■ **Assignment**:
Both the line containing "ふざけた見かけ上ラフト通気性のある女性の背中の姿勢矯正コルセット整形外科の肩の背骨の姿勢矯正腰椎サポート - ベージュホワイトM" and the line containing "Вилла с панорамными" belong to the span. Output exactly that span from the listing below, and nothing outside it.

■ **Material for the task**:
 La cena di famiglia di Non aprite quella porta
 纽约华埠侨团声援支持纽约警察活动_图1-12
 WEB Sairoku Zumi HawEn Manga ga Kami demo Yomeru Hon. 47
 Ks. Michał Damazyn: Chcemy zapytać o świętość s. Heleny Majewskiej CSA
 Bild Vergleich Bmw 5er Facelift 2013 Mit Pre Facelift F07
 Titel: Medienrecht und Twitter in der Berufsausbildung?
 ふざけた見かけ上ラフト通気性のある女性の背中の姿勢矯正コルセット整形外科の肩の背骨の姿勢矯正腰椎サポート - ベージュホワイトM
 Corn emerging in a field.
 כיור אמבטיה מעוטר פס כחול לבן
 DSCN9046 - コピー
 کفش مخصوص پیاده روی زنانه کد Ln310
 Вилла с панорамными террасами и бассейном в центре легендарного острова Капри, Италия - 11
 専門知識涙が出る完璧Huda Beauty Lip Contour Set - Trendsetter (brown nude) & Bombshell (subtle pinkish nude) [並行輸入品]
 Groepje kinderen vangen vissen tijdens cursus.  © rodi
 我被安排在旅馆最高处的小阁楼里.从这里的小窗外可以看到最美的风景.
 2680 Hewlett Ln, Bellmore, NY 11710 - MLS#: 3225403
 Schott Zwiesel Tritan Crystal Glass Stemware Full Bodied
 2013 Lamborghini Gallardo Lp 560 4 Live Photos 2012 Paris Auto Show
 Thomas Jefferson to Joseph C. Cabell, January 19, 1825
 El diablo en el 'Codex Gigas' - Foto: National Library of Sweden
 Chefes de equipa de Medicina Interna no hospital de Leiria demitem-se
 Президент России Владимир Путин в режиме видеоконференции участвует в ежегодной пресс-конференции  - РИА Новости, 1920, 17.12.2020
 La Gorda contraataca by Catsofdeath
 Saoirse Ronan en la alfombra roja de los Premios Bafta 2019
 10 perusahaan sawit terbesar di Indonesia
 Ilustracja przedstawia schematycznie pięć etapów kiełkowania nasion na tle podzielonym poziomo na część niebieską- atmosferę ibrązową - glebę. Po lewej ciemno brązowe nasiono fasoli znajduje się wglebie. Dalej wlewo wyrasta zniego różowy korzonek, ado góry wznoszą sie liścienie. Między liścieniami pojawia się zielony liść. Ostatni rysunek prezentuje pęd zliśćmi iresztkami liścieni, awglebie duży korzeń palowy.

■ **Reply**:
 ふざけた見かけ上ラフト通気性のある女性の背中の姿勢矯正コルセット整形外科の肩の背骨の姿勢矯正腰椎サポート - ベージュホワイトM
 Corn emerging in a field.
 כיור אמבטיה מעוטר פס כחול לבן
 DSCN9046 - コピー
 کفش مخصوص پیاده روی زنانه کد Ln310
 Вилла с панорамными террасами и бассейном в центре легендарного острова Капри, Италия - 11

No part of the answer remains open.